Build a suffix tree for S. [O(n) time; n = length of S]
Follow q into the suffix tree and find the node N at or below q. [O(q) time; q = length of q]
Walk the tree below N, reporting the suffix IDs found in any leaves we pass. [O(k) time; k = number of leaves below N]

Thus total time is O(n+q+k). Note that k is both the number of leaves examined and the number of answers that must be reported.
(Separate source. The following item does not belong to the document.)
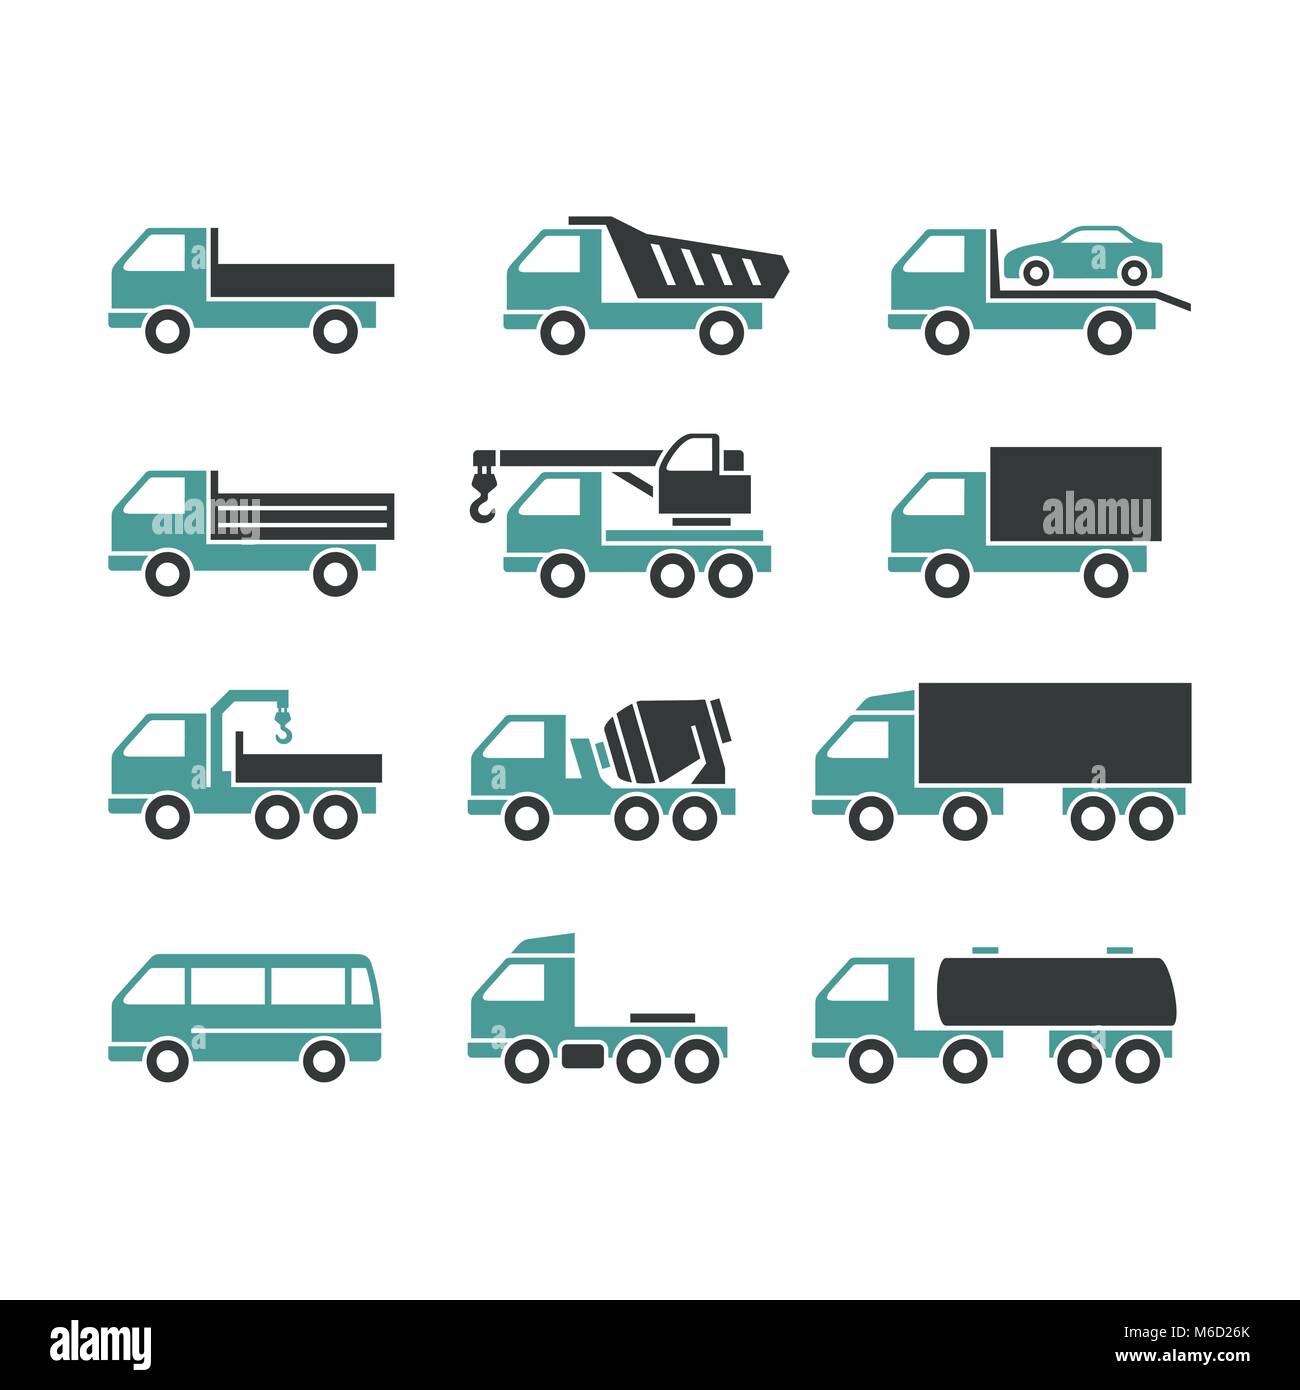 Set of Icons of Trucks on a White Background. Trucks of Different Function. Stock Vector

The real power of a suffix tree can be seen if we consider the problem of multiple queries over a fixed string S. Once the suffix tree for S is built, many queries can be done. Each query takes time proportional to the size of the query string and the number of answers given; the time doesn't depend on the size of S at all!

Suffix trees have many other uses. We'll talk about some more ways to use them in class.